### Exercise brief
I need the lines below from the one with "Original US Advance" down to the one with "SIX-THINGS-TO-CONSIDER-WHEN-CHOOSING-THE-RIGHT-MATTRESS" reproduced exactly, both ends included, and nothing else.

### Provided data
■ ■ ■
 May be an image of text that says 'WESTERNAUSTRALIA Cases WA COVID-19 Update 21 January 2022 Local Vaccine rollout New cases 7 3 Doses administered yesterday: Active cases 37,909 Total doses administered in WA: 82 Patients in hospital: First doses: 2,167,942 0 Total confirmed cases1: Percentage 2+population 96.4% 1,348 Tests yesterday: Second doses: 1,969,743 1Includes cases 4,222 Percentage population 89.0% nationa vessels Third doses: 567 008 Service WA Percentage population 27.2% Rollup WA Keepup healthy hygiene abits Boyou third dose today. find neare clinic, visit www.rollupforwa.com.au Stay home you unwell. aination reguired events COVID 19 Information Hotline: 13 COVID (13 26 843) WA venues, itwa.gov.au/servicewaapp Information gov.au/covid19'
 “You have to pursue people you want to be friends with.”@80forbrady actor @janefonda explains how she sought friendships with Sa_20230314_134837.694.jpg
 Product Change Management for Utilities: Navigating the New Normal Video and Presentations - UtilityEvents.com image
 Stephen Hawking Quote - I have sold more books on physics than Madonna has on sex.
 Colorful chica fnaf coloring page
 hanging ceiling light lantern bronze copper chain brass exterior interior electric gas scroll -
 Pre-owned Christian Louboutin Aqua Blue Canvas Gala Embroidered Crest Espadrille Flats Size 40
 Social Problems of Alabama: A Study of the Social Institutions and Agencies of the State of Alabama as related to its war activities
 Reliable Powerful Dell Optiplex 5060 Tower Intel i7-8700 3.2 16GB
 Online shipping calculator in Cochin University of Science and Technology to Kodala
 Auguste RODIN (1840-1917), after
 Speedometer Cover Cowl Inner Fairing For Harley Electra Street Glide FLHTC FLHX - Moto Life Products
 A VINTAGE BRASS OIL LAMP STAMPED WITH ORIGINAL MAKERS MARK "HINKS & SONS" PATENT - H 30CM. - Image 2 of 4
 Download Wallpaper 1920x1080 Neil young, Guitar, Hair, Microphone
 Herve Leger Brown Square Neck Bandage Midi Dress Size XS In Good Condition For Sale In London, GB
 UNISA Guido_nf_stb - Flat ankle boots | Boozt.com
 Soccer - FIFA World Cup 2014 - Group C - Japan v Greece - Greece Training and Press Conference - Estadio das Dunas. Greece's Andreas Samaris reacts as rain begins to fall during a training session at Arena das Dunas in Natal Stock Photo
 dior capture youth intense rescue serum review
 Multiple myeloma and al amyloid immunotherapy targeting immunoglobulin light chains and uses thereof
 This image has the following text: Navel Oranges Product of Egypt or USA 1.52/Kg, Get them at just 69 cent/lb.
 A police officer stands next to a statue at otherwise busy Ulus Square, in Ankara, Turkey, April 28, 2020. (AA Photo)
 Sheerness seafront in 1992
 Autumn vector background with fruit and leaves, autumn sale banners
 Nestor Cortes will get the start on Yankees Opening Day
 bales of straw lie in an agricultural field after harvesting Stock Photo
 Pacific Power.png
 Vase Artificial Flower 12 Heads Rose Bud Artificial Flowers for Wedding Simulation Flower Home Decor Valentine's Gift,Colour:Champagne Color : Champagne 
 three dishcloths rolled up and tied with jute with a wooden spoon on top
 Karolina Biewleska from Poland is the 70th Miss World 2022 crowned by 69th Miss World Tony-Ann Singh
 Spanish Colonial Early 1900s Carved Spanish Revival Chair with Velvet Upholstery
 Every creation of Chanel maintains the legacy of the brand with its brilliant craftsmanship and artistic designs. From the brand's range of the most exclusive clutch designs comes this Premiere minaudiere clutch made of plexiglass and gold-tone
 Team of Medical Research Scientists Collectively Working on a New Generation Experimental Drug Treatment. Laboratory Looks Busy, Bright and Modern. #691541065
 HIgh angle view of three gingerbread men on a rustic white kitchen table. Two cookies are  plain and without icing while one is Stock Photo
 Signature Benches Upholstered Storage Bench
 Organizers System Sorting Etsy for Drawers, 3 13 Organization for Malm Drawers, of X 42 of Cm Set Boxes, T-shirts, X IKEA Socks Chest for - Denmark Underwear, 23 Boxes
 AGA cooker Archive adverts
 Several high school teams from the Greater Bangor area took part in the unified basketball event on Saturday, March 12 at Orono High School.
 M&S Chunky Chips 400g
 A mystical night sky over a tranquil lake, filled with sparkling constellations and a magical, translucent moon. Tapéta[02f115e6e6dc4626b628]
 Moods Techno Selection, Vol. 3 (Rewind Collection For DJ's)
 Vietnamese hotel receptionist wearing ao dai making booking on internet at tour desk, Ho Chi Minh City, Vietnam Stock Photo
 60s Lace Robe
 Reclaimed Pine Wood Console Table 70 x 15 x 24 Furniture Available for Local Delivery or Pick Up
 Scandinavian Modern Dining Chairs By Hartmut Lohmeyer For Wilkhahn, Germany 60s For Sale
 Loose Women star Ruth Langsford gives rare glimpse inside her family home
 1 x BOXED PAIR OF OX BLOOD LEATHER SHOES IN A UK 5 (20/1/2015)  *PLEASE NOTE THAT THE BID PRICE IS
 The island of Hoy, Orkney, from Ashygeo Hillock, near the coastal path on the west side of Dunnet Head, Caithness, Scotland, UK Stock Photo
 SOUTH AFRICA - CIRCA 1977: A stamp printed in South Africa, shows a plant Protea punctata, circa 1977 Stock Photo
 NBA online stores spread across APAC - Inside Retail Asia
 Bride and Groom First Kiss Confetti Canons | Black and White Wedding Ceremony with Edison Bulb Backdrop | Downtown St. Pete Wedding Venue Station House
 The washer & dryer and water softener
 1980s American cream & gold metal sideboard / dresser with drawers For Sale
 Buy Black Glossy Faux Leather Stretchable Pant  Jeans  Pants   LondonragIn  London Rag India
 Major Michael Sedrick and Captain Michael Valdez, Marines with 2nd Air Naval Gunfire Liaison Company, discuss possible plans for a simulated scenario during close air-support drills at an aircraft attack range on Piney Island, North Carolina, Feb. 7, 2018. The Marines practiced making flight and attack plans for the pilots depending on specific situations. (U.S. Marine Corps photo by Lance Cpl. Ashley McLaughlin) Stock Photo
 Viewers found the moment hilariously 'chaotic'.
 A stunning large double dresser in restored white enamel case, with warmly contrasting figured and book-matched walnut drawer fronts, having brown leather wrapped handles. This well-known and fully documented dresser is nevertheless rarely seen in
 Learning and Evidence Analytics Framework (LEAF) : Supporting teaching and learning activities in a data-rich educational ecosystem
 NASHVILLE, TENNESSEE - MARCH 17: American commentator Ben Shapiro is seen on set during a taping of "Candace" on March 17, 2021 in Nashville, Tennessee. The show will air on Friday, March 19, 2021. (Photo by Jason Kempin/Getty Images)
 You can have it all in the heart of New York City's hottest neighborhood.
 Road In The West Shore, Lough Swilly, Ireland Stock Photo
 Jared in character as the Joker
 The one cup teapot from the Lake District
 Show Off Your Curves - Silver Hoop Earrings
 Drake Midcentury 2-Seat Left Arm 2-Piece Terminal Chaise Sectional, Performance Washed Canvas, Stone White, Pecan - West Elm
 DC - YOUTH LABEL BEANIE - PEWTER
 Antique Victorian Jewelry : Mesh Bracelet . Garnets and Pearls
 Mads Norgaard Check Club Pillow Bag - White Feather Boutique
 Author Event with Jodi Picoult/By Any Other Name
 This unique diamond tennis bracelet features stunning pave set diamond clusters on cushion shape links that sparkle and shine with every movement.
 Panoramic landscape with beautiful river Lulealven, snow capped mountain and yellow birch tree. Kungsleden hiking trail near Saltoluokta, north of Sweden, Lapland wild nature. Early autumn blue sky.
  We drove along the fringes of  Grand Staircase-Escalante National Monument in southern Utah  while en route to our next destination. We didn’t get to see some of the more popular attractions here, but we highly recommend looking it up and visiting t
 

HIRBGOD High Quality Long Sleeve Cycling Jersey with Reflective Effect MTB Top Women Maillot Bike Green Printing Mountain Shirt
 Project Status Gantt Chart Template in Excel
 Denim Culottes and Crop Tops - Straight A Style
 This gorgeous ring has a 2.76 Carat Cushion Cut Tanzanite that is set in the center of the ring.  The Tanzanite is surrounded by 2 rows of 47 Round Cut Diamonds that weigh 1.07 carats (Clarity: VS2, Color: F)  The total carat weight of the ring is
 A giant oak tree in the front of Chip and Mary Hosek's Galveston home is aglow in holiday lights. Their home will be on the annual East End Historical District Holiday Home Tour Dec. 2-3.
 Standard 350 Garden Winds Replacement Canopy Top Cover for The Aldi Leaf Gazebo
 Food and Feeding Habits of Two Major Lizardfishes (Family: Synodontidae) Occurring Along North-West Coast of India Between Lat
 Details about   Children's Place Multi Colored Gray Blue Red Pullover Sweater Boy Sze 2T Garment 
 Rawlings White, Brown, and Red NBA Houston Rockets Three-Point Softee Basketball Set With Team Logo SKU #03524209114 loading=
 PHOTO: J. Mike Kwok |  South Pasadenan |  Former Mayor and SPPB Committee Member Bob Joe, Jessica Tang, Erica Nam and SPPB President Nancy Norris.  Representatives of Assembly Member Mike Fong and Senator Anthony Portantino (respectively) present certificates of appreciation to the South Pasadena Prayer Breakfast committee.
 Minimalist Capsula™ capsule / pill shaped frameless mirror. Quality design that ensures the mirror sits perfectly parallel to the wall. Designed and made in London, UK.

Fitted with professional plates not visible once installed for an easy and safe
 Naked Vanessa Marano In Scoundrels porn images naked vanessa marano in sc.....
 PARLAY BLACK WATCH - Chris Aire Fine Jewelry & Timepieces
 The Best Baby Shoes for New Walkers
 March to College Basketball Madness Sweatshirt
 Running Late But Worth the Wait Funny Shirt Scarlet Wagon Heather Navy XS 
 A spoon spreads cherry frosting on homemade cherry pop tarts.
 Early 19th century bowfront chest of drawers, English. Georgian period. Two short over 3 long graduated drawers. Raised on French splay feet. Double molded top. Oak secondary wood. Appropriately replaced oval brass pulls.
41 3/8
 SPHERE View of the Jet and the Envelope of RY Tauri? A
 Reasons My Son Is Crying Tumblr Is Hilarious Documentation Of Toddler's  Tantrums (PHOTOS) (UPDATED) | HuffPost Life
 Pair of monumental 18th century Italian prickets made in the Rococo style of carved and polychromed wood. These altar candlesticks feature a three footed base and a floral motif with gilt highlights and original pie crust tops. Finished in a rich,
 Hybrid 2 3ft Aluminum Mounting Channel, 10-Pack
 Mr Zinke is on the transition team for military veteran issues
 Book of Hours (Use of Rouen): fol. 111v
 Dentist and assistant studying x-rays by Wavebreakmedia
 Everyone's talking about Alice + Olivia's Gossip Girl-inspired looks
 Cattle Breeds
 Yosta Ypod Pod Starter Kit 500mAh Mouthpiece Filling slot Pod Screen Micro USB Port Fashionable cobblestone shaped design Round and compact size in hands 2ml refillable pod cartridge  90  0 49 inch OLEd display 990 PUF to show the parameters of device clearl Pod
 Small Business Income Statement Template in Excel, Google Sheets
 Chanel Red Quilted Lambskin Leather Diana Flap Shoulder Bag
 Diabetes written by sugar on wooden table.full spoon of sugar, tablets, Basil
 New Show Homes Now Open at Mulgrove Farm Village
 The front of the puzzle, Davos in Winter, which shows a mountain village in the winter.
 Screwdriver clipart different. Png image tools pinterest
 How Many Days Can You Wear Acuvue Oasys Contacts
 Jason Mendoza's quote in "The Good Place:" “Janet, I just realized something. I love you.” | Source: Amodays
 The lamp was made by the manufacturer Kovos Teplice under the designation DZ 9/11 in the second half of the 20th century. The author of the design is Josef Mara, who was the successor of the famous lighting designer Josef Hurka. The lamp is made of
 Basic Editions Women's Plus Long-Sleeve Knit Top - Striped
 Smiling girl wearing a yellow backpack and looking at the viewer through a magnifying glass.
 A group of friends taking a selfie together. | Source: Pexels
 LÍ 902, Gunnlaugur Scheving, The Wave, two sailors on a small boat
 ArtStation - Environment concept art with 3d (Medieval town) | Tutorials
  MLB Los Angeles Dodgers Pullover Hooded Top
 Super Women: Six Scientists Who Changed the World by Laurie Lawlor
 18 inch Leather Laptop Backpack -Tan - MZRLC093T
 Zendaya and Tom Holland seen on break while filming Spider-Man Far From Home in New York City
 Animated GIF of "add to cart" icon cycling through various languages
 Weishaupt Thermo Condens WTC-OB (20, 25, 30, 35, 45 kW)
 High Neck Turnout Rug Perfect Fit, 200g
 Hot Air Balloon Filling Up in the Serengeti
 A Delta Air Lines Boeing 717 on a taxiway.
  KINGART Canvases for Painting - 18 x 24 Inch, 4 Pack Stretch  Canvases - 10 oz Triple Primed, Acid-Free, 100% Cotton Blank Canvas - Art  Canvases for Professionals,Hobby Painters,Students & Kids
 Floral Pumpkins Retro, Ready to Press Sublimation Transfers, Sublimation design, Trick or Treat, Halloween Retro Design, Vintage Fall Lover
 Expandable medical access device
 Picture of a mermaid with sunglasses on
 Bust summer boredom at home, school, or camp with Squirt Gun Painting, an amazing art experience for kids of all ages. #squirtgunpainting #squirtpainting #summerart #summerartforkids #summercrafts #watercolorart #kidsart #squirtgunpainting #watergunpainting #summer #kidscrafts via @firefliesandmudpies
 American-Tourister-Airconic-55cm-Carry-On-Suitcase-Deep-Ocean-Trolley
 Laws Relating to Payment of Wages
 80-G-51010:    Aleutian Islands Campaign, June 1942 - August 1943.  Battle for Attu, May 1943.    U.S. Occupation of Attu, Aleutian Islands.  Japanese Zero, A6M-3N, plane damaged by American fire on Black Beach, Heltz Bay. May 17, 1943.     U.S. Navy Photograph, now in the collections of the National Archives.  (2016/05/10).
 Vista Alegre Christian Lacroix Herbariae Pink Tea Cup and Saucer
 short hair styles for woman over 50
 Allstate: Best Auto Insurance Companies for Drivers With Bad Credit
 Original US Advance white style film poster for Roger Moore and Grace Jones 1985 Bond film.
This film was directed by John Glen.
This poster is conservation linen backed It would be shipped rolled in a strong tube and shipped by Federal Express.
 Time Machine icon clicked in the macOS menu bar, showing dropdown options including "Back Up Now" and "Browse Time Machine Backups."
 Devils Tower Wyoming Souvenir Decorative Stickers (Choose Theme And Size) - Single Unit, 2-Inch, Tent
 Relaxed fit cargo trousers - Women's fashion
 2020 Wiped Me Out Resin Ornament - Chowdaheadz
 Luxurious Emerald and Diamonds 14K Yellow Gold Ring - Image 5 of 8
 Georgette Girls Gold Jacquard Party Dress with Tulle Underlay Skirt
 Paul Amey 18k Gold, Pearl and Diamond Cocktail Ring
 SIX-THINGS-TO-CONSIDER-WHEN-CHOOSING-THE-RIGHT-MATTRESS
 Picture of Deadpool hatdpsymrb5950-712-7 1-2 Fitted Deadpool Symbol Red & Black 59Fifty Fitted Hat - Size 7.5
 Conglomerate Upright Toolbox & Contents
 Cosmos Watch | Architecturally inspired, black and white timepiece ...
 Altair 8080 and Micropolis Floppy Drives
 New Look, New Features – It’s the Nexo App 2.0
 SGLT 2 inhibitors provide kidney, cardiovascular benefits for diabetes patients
■ ■ ■
### Your response
 Original US Advance white style film poster for Roger Moore and Grace Jones 1985 Bond film.
This film was directed by John Glen.
This poster is conservation linen backed It would be shipped rolled in a strong tube and shipped by Federal Express.
 Time Machine icon clicked in the macOS menu bar, showing dropdown options including "Back Up Now" and "Browse Time Machine Backups."
 Devils Tower Wyoming Souvenir Decorative Stickers (Choose Theme And Size) - Single Unit, 2-Inch, Tent
 Relaxed fit cargo trousers - Women's fashion
 2020 Wiped Me Out Resin Ornament - Chowdaheadz
 Luxurious Emerald and Diamonds 14K Yellow Gold Ring - Image 5 of 8
 Georgette Girls Gold Jacquard Party Dress with Tulle Underlay Skirt
 Paul Amey 18k Gold, Pearl and Diamond Cocktail Ring
 SIX-THINGS-TO-CONSIDER-WHEN-CHOOSING-THE-RIGHT-MATTRESS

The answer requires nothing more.